Il Padre, Gabriele Lavia porta in scena la tragedia di Strindberg
Cosa vuol dire essere un padre? Cosa può significare per un uomo mettere in dubbio la paternità di una figlia che ha cresciuto ed educato con amore e dedizione? Dopo aver portato in scena il suo magnifico Uomo dal fiore in bocca, il maestro Gabriele Lavia torna sul palco del Teatro Quirino con Il Padre di August Strindberg, tragedia del 1887 a cui Lavia è particolarmente affezionato tanto da confrontarvisi per la terza volta, qui in replica fino al prossimo 4 febbraio.
Come tutta l’opera dell’autore svedese anche Il Padre riesce a scavare in profondità nella natura umana, facendo emergere senza mezzi termini la spietata crudeltà, il cinismo e l’egoismo di cui è capace una donna, così come tutta la fragilità e l’angoscia di un uomo nel momento in cui le certezze su cui si fonda tutta la sua esistenza vengono meno. Prendendo come pretesto una banale diatriba familiare sul tipo di educazione da impartire alla figlia Berta quasi adolescente, il Capitano Adolf e sua moglie Laura (Federica Di Martino) tirano fuori il peggio di sé stessi e le ceneri di un matrimonio ormai logoro e inaridito che si regge solo sulla dipendenza economica della donna dal marito, per combattere la loro guerra a colpi di vigliaccherie e sopraffazioni. Pur di tenere la figlia accanto a sé e non mandarla a studiare in città come invece vorrebbe il padre, più aperto e moderno, la gelida Laura è pronta a tutto, persino a instillare nella mente del marito il più atroce dei dubbi: quello sulla sua stessa effettiva paternità, cosa che lo priverebbe legalmente di ogni diritto e dovere nei confronti di Berta. Un dubbio che porterà il capitano Adolf ad un lungo e devastante calvario mentale, al venir meno di ogni autorità, fino a farlo precipitare nel profondo abisso della follia.

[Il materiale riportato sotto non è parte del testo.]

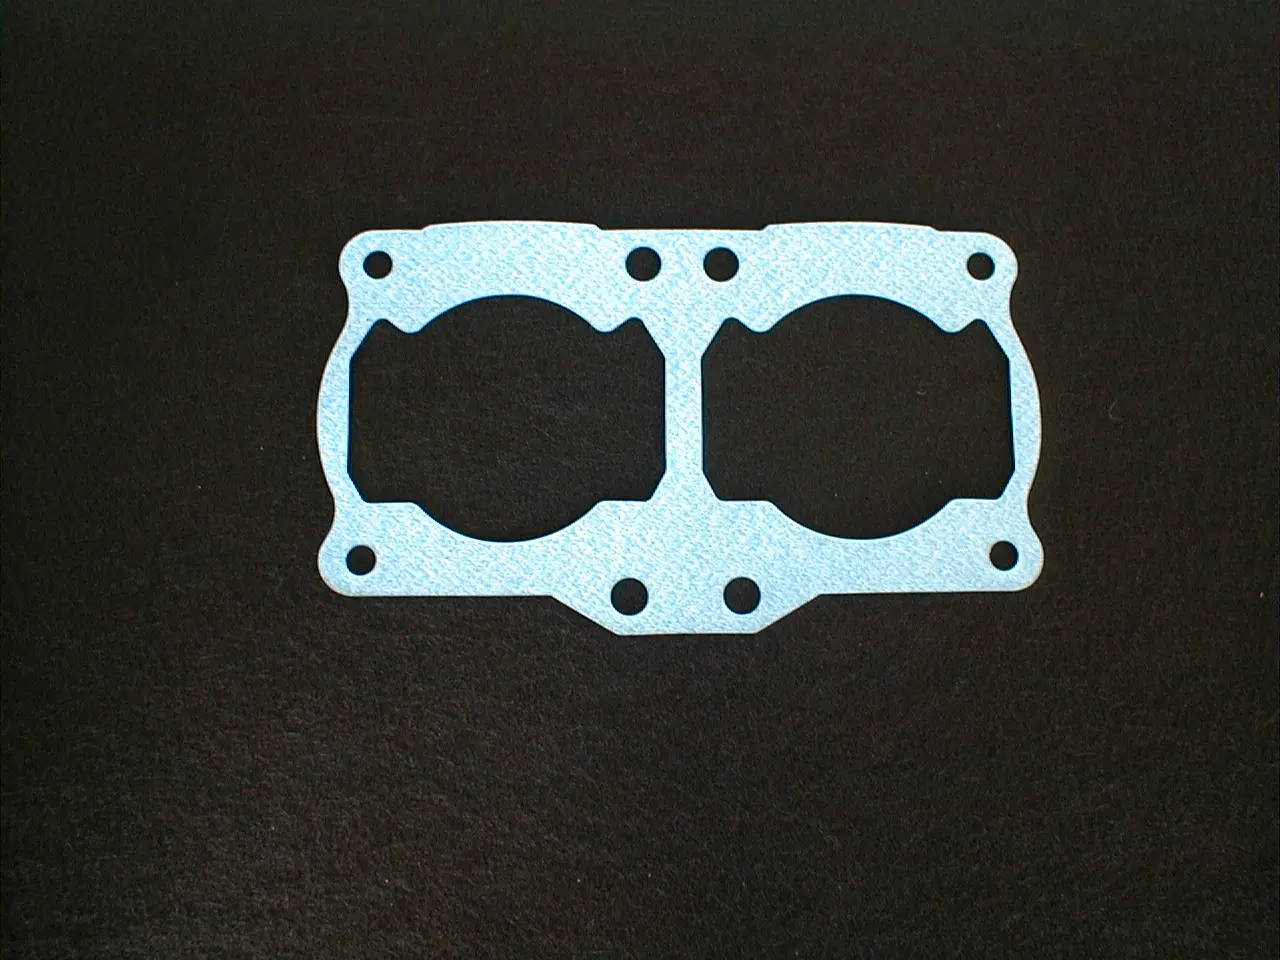 A blue gasket on a black surface, specifically the 1 Piece RZ 350/Banshee base gasket with part number 15-5701.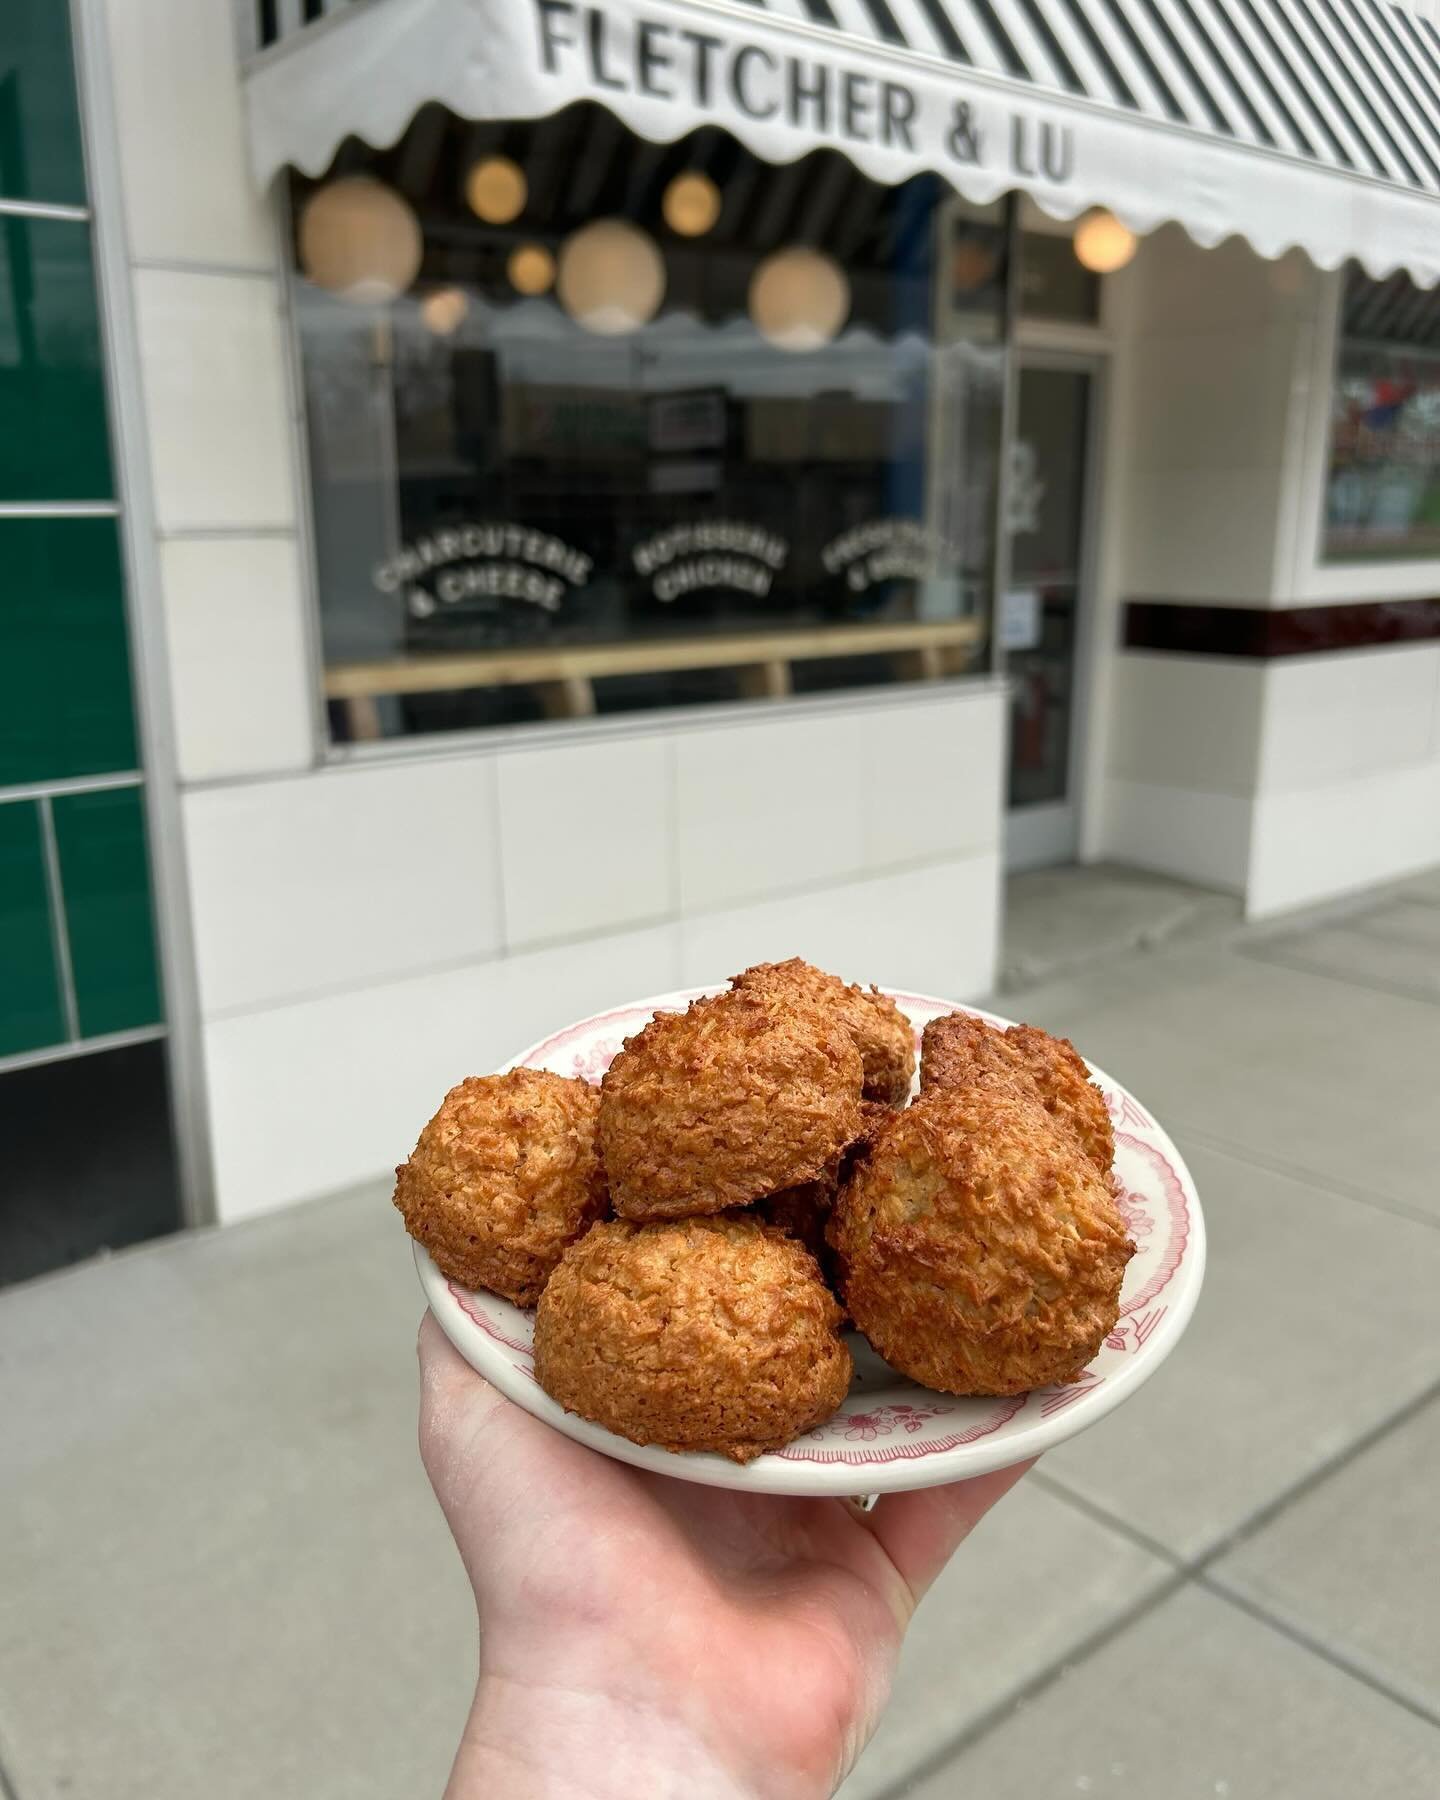 Passover prep is on!! Order your coconut macaroons by the half dozen TODAY for pickup on Saturday. We can dip em in chocolate too! Email us at hello@fletcherandlu.com, and be sure to include a phone number.

L’efferata strategia della moglie, portata a termine con l’inconsapevole complicità del medico del paese che conferma l’instabilità mentale dell’uomo, ribalta completamente i ruoli tra i due: da donna fin’ora sottomessa e dipendente dal marito, diventa colei che lo condanna a soccombere, a sprofondare, ad impazzire, fino ad annientarlo completamente. Nonostante lo spettacolo abbia un ritmo a tratti molto lento, la capacità interpretativa di Gabriele Lavia lascia ancora una volta senza fiato, la potente scenografia di drappi di velluto rosso porpora avvolge totalmente lo spettatore, mentre il precario mobilio sbilenco trasmette benissimo tutta l’instabilità di questa famiglia, di questo salotto borghese, della stessa esistenza.